# Front license plate question



## Guest (Oct 13, 2009)

Hey there,

I am originally from MA but am currently attending school in Oklahoma. I am planning on registering my truck down here, and in Oklahoma they do not require a front plate. 

Is it likely that I will be stopped or cited for not having a front plate when I am back home for breaks and vacations? 

Thanks


----------



## Goose (Dec 1, 2004)

If your car is registered in Oklahoma and OK only issues one plate, then you'll be fine.

M.G.L. - Chapter 90, Section 6
(the confusing MA law if you really feel like reading it word for word)

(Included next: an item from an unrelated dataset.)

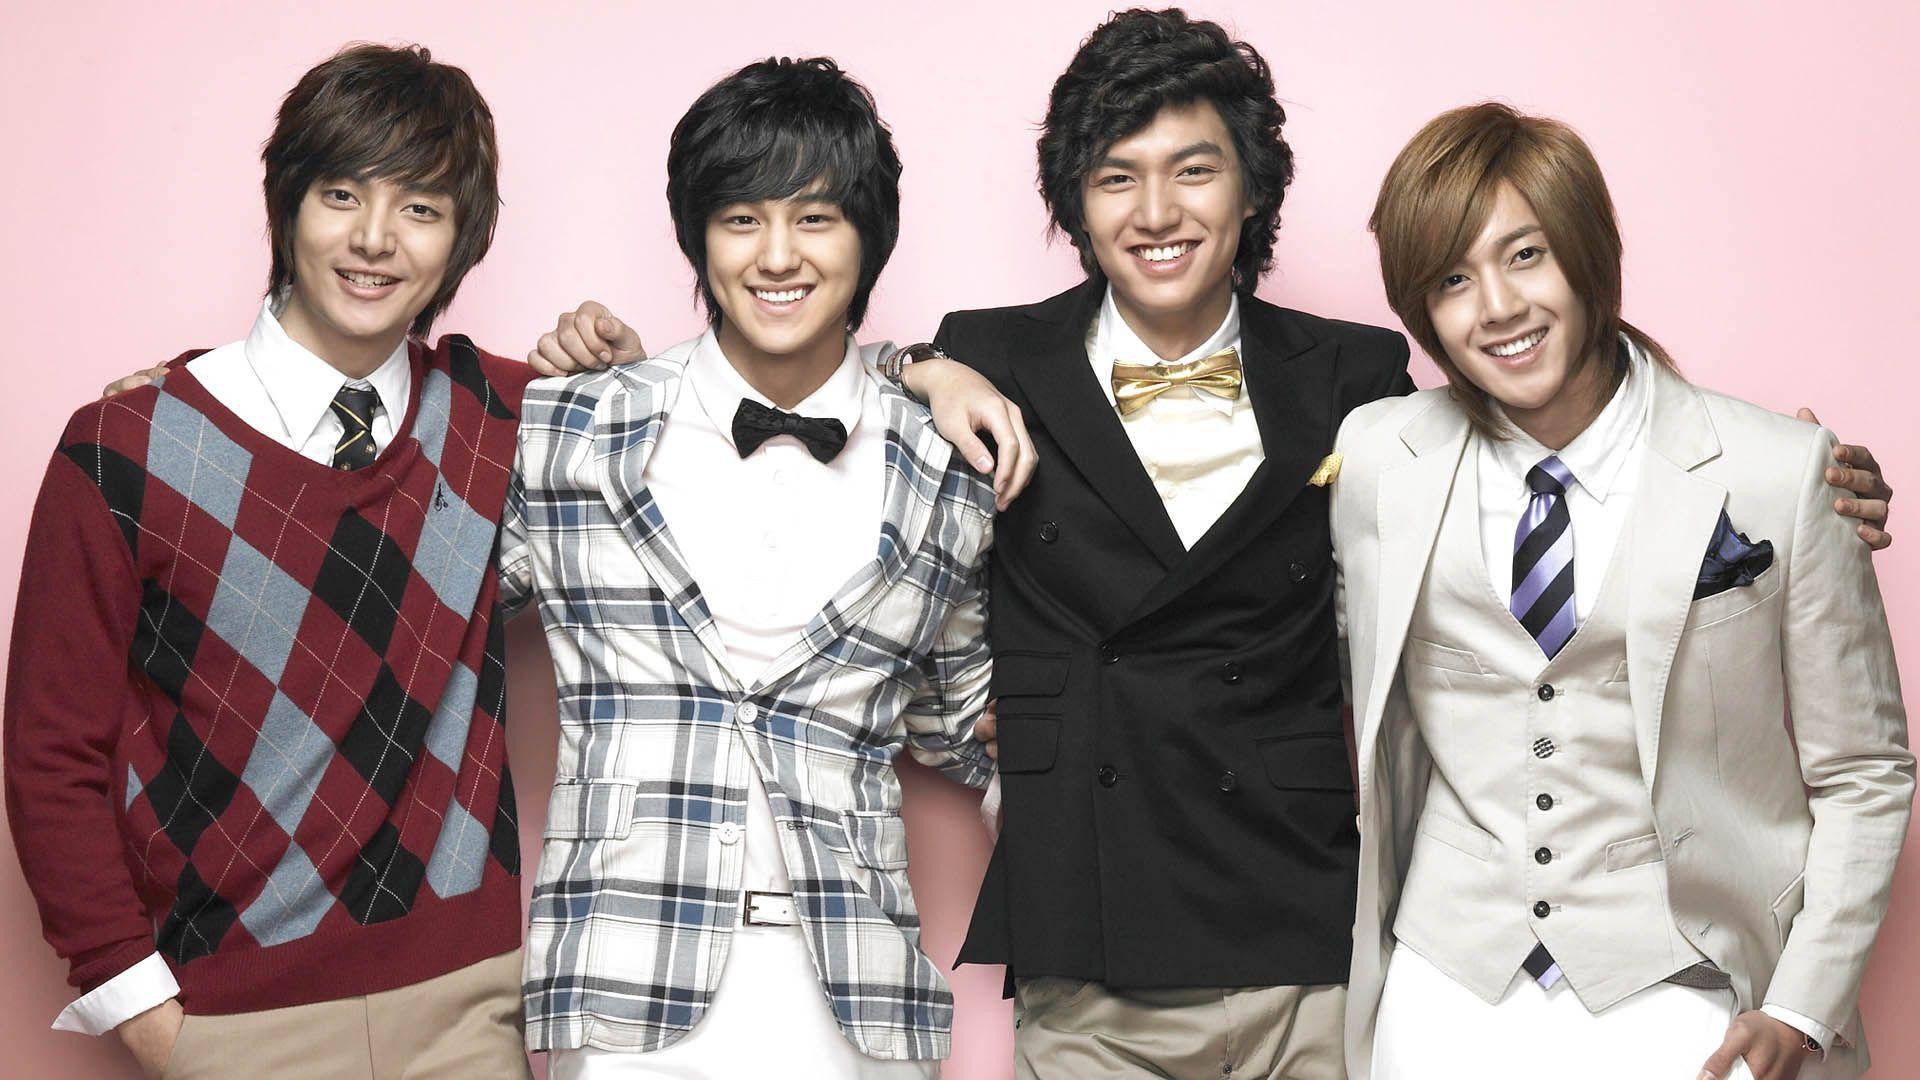 Faith Korean Drama Wallpapers - Top Free Faith Korean Drama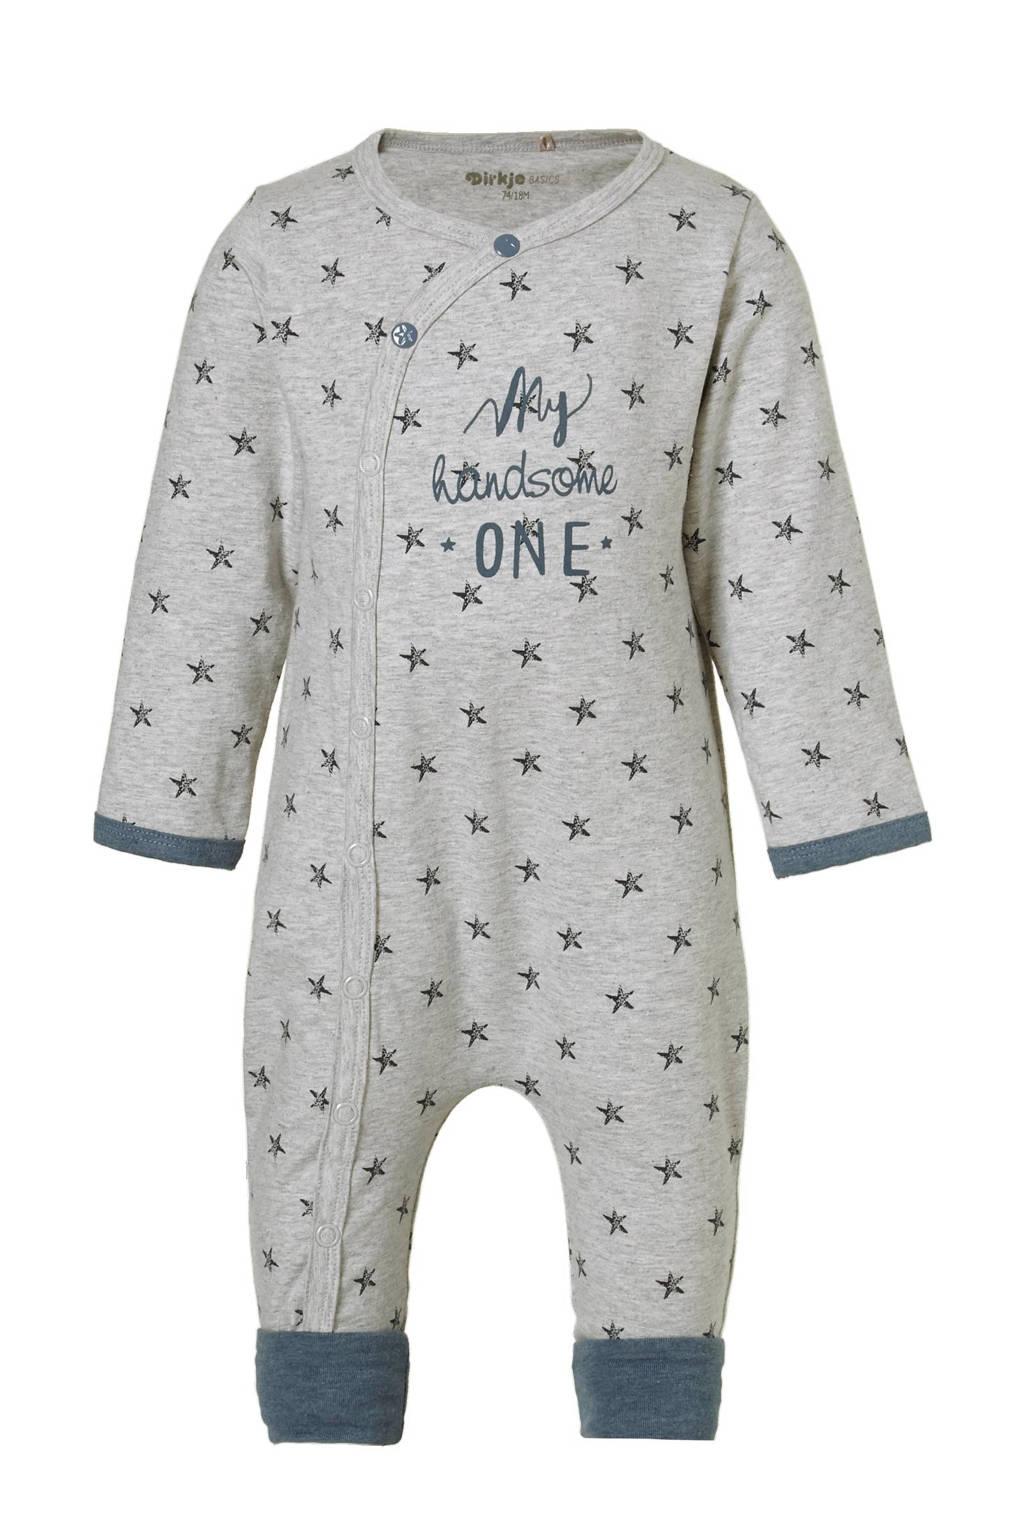 Dirkje newborn baby boxpak, grijs/blauw melange

On the other hand, if you keep the MA plates on your vehicle and you were issued two plates by the registry, both of them need to be on the car.


----------



## Guest (Oct 13, 2009)

If you are a hot blonde chick, when you get pulled over just tell 'em Snipe said it was ok....... If you are anything else, PUT YOUR FRONT PLATE BACK ON !!!!!!!


----------



## jedediah1 (Jun 18, 2009)

and then the question was answered

awhile ago

http://www.masscops.com/forums/ask-cop/78429-out-state-plates.html
http://www.masscops.com/forums/ask-cop/78397-no-front-license-plate-90-6-a.html

unregistered, searching is fun....


----------